Yakusho Kōji (L’anguille, Shall We Dance ?), acteur de génie — décrochera-t-il le prix d’interprétation masculine cette année ? —, éclaire d’une lumière intérieure Hirayama, homme de sagesse et d’une extrême courtoisie, qui fait reluire les magnifiques toilettes publiques de la ville. Il récure les cuvettes avec méticulosité et félicité, reflet de son évolution spirituelle, du respect du bien commun et de la chose bien faite. D’où sort cet inclassable individu ? D’un milieu aisé. Il lit de grands auteurs, écoute sur des audiocassettes des chansons rock américaines des années 1960 et 1970, croque avec sa vieille caméra argentique les merveilles de la nature, loin des sirènes de la révolution numérique.

Des êtres traversent son existence : un jeune employé cocasse, une charmante nièce surgie du passé, l’hôtesse d’un bar chantant The House of the Rising Sun en japonais aux clients qu’elle pouponne. Les photos captées par Hirayama confèrent au film un supplément de lyrisme, tandis que des chansons de Lou Reed, de Velvet Underground et compagnie se mêlent à des airs japonais, scandant un rythme vif : saisissant effet de contraste. Ce film se révèle magnifique de vérité fugace, mélodique et poignante. Voilà !
Breillat sur le fil du rasoir
Devant pareil bijou, L’été dernier de Catherine Breillat — adapté librement du film danois Queen of Hearts —, pourtant rempli d’émois et brillamment réalisé, voit son étoile pâlir. La cinéaste française d’Une vraie jeune fille et d’Anatomie de l’enfer a toujours manié frontalement l’érotisme, d’où son étiquette collante de sulfureuse, mais cette oeuvre sur le choc amoureux et le mensonge carbure à l’émotion avant tout.
En mettant en scène une avocate mariée et mère de famille (Léa Drucker) devenue l’amante de son beau-fils de 17 ans (Samuel Kircher), la cinéaste ne manie la transgression que pour mieux ausculter les mystères de l’âme humaine. Ni prédatrice quadragénaire ni agneau du sacrifice ne s’affrontent. Deux êtres fragiles se saisissent puis se trahissent sans éteindre leurs feux. La part d’enfance en refus de mourir chez cette femme répond à celle de l’adolescent au visage poupin dans son lit. Les cadres familiaux et professionnels se découpent en scènes clés prédisant l’impasse, comme dans un film de Chabrol.
Catherine Breillat n’avait pas tourné depuis 10 ans, ayant été victime en 2005 d’un accident cérébral vasculaire qui l’a rendue hémiplégique, puis filoutée par un escroc disparu avec ses économies.
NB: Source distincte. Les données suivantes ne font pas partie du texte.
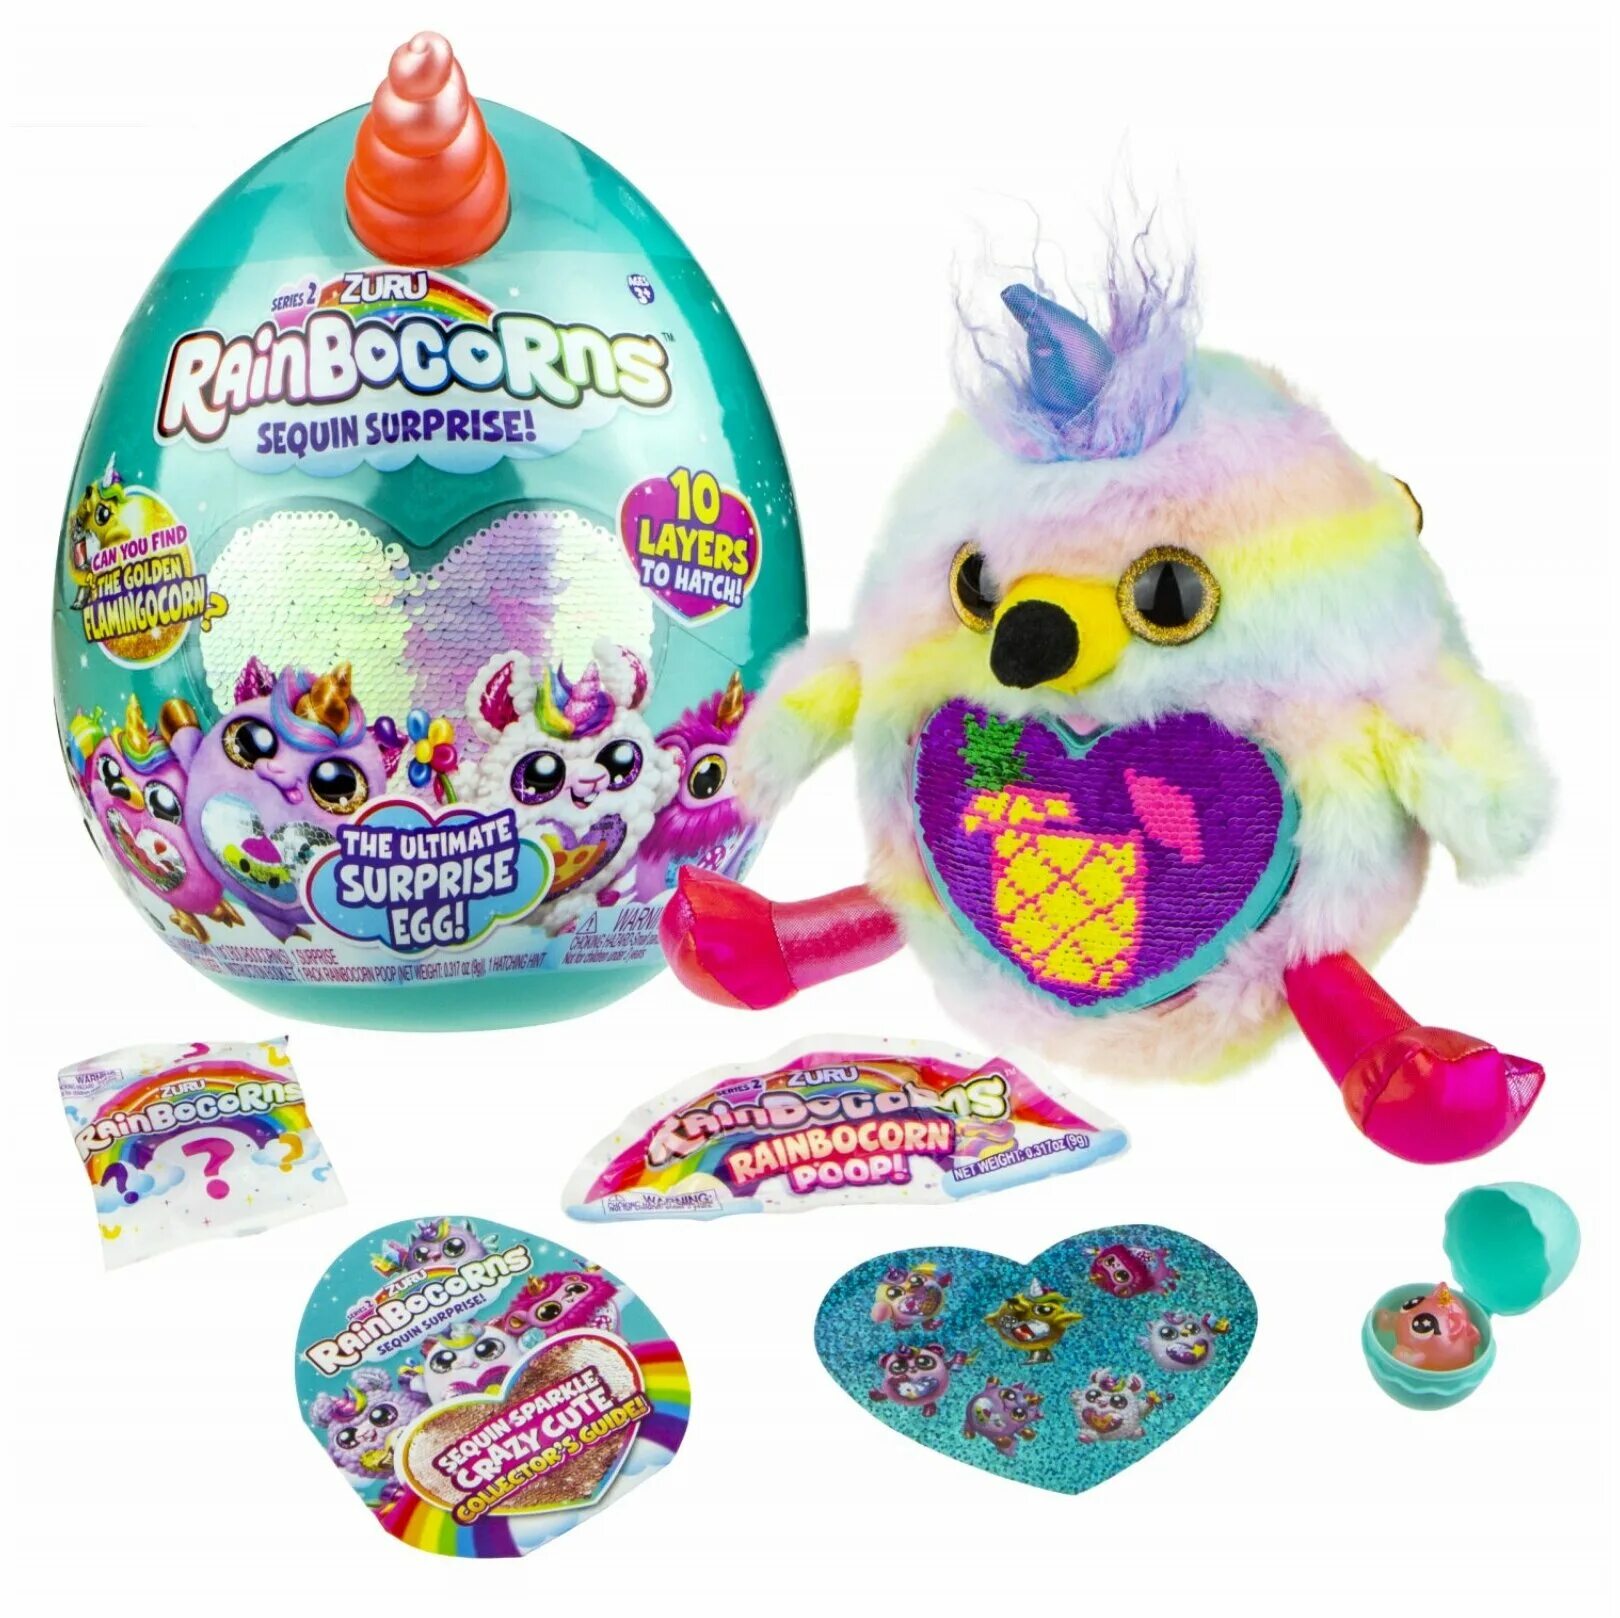 Купить яйцо детям. Игрушка Zuru Rainbocorns s2. Rainbocorns игрушка s2. Яйцо Zuru Rainbocorns. Игрушка плюш -сюрприз Rainbocorns.

Longtemps dépressive, elle avait révélé cette arnaque en 2011 dans Abus de faiblesse. Pour elle comme pour Wenders, 2023 devient l’année du grand retour.
L’été dernier explore l’amour qui se heurte aux impératifs de la vie, avec des images lumineuses et une Léa Drucker sur le fil du rasoir entre culpabilité, terreur des conséquences et extases charnelles quasi mystiques. De garçon farouche et asocial, le jeune homme devient otage de sentiments embrouillés, et Samuel Kircher joue le trouble de la chair et du coeur avec un abandon palpable.
Beau film porté par une mécanique implacable, L’été dernier demeure une oeuvre de cinéma relativement classique. De son côté, Wenders, en s’aventurant hors des cadres, aura réussi l’envol magique.
Odile Tremblay est l’invitée du Festival de Cannes.